2009-09-07 20:39:55 CEST 5782 LOG: received SIGHUP, reloading configuration files
2009-09-07 20:39:55 CEST 5782 FATAL: could not open configuration file "/etc/postgresql/8.3/main/pg_hba.conf": Permission denied
2009-09-07 20:40:07 CEST 14398 mdb2 mdb2web LOG: could not receive data from client: Connection reset by peer
2009-09-07 20:40:07 CEST 14398 mdb2 mdb2web LOG: unexpected EOF on client connection
2009-09-07 20:40:15 CEST 14485 mdb2 billig_web LOG: could not receive data from client: Connection reset by peer
2009-09-07 20:40:15 CEST 14485 mdb2 billig_web LOG: unexpected EOF on client connection
2009-09-07 20:41:29 CEST 16197 LOG: could not load root certificate file "root.crt": no SSL error reported
2009-09-07 20:41:29 CEST 16197 DETAIL: Will not verify client certificates.

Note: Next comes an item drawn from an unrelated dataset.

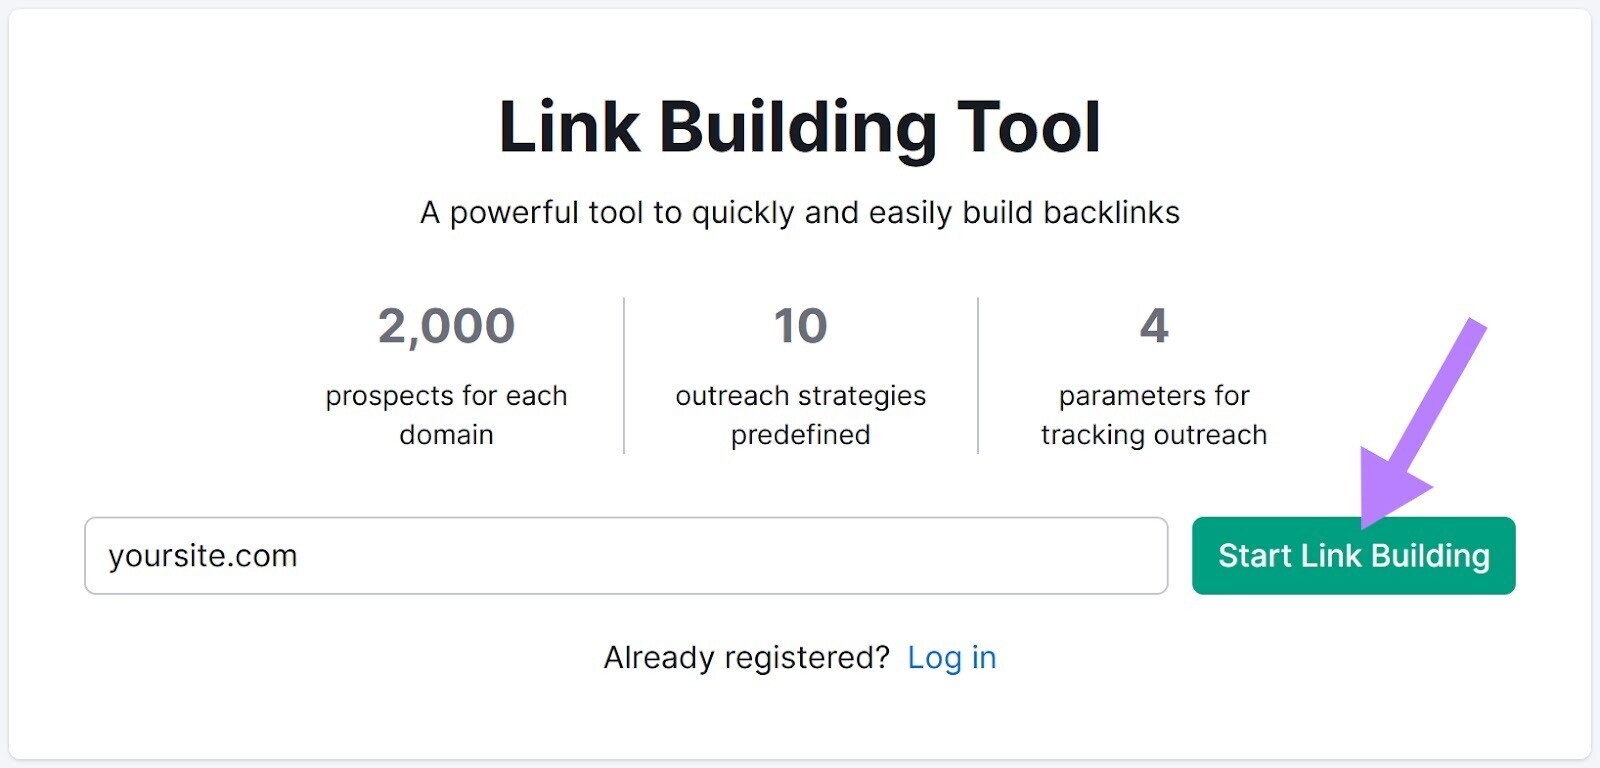 screenshot of Link Building Tool search bar with “Start Link Building” button

2009-09-07 20:41:29 CEST 16197 FATAL: could not open configuration file "/etc/postgresql/8.3/main/pg_hba.conf": Permission denied
2009-09-07 20:42:04 CEST 16748 LOG: could not load root certificate file "root.crt": no SSL error reported
2009-09-07 20:42:04 CEST 16748 DETAIL: Will not verify client certificates.

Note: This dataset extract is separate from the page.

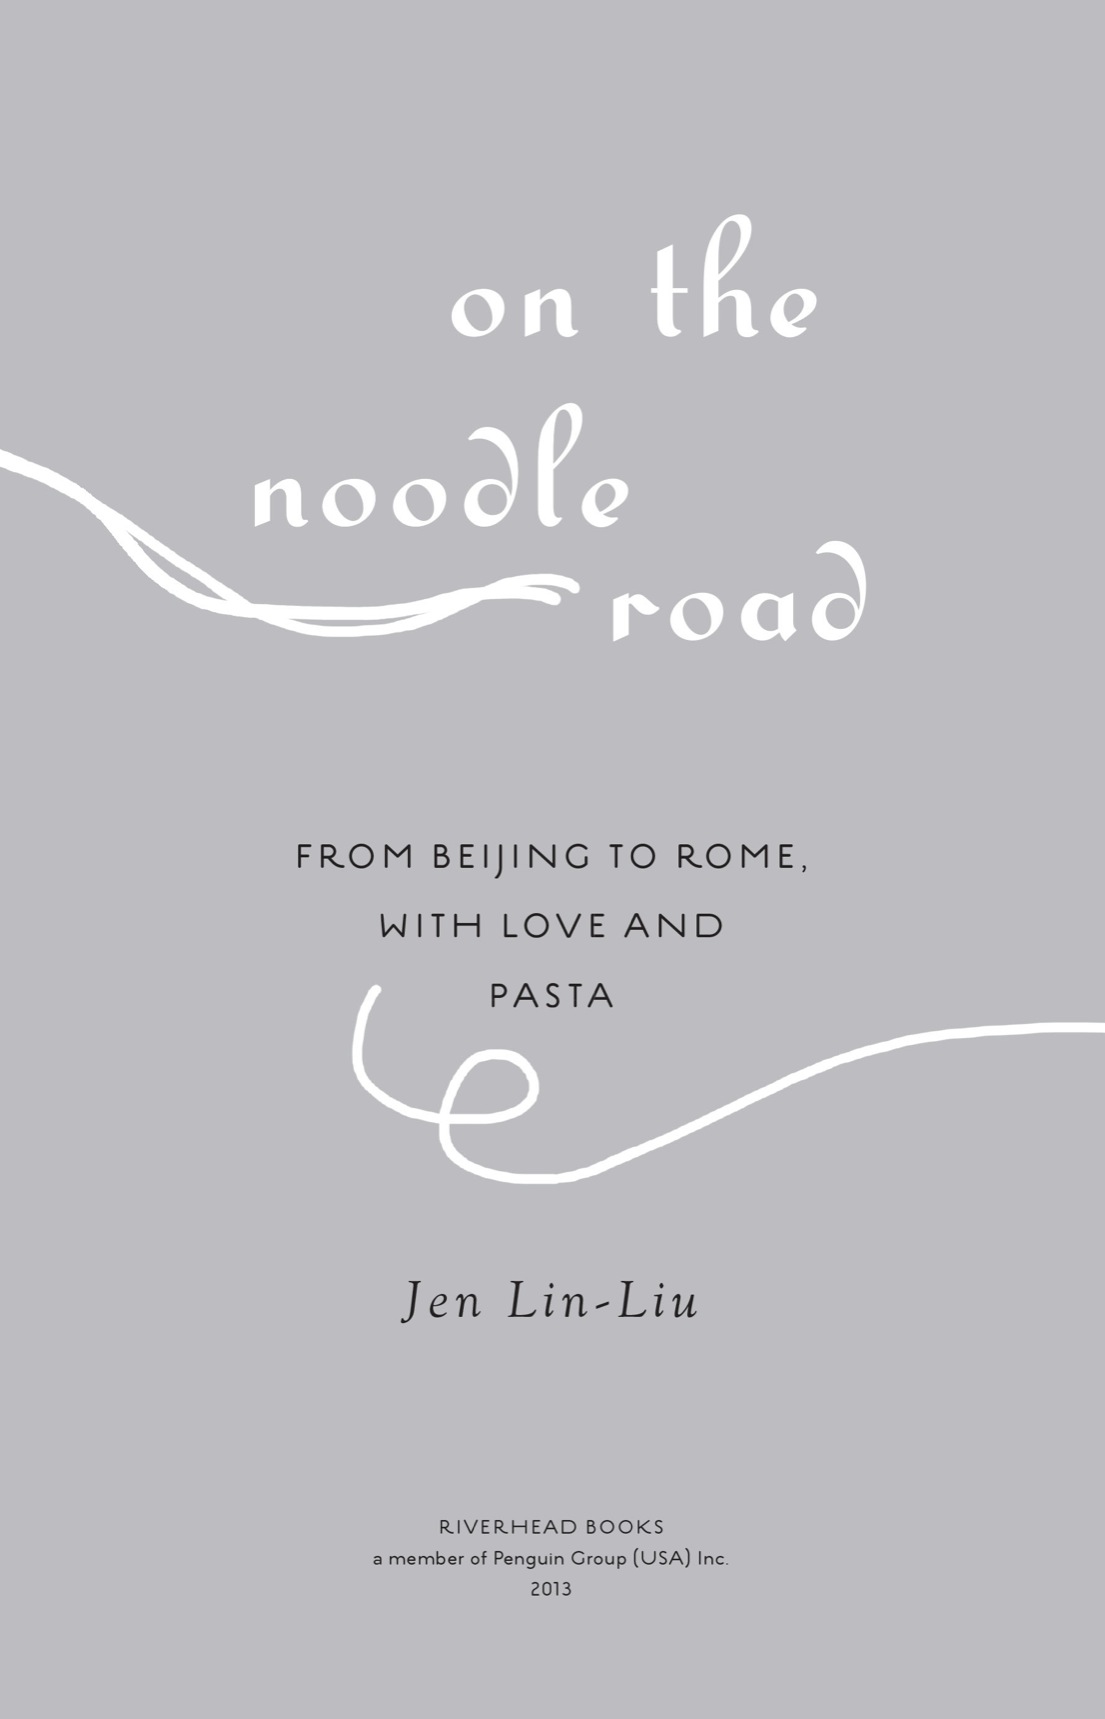 On the Noodle Road From Beijing to Rome with Love and Pasta - image 2

2009-09-07 20:42:04 CEST 16749 LOG: database system was interrupted; last known up at 2009-09-07 20:37:38 CEST
2009-09-07 20:42:04 CEST 16749 LOG: database system was not properly shut down; automatic recovery in progress
2009-09-07 20:42:04 CEST 16749 LOG: redo starts at 65/F00718D0
2009-09-07 20:42:04 CEST 16749 LOG: record with zero length at 65/F1039488
2009-09-07 20:42:04 CEST 16749 LOG: redo done at 65/F1039458
2009-09-07 20:42:04 CEST 16749 LOG: last completed transaction was at log time 2009-09-07 20:39:52.010594+02
2009-09-07 20:42:04 CEST 16749 LOG: checkpoint starting: shutdown immediate
2009-09-07 20:42:04 CEST 16750 [unknown] [unknown] LOG: connection received: host=[local]

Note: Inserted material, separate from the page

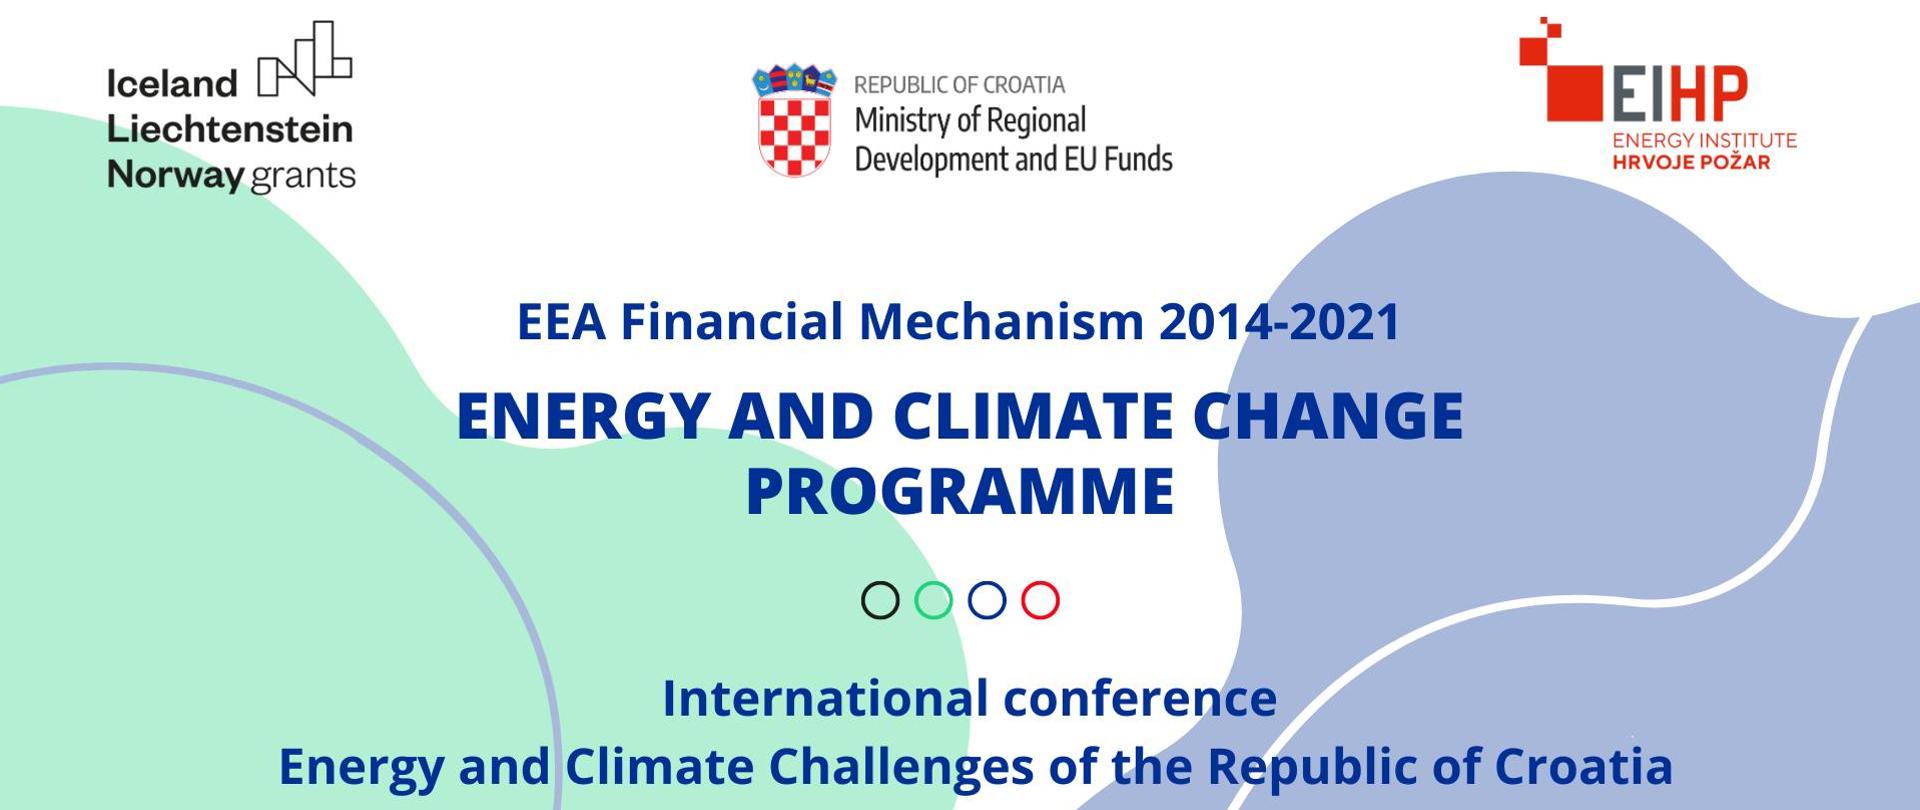 Energy and Climate Challenges of the Republic of Croatia - international conference in Dubrovnik

2009-09-07 20:42:04 CEST 16750 [unknown] [unknown] LOG: incomplete startup packet
2009-09-07 20:42:04 CEST 16749 LOG: checkpoint complete: wrote 43 buffers (0.2%); 0 transaction log file(s) added, 0 removed, 6 recycled; write=0.001 s, sync=0.429 s, total=0.464 s
2009-09-07 20:42:04 CEST 16756 [unknown] [unknown] LOG: connection received: host=2001:700:300:1800::1917 port=50140
2009-09-07 20:42:04 CEST 16749 LOG: recovering prepared transaction 809084
2009-09-07 20:42:04 CEST 16756 mdb2 uka_web FATAL: the database system is starting up
2009-09-07 20:42:04 CEST 16757 [unknown] [unknown] LOG: connection received: host=2001:700:300:1800::1917 port=50141
2009-09-07 20:42:04 CEST 16757 mdb2 uka_web FATAL: the database system is starting up
2009-09-07 20:42:05 CEST 16762 [unknown] [unknown] LOG: connection received: host=2001:700:300:1800::1919 port=36523
2009-09-07 20:42:05 CEST 16762 greylisting exim FATAL: the database system is starting up
2009-09-07 20:42:05 CEST 16763 [unknown] [unknown] LOG: connection received: host=2001:700:300:1800::1919 port=36524
2009-09-07 20:42:05 CEST 16763 greylisting exim FATAL: the database system is starting up
2009-09-07 20:42:05 CEST 16764 [unknown] [unknown] LOG: connection received: host=2001:700:300:1800::1919 port=36525
2009-09-07 20:42:05 CEST 16764 greylisting exim FATAL: the database system is starting up
2009-09-07 20:42:05 CEST 16765 [unknown] [unknown] LOG: connection received: host=2001:700:300:1800::1919 port=36526
2009-09-07 20:42:05 CEST 16765 greylisting exim FATAL: the database system is starting up
2009-09-07 20:42:05 CEST 16768 [unknown] [unknown] LOG: connection received: host=[local]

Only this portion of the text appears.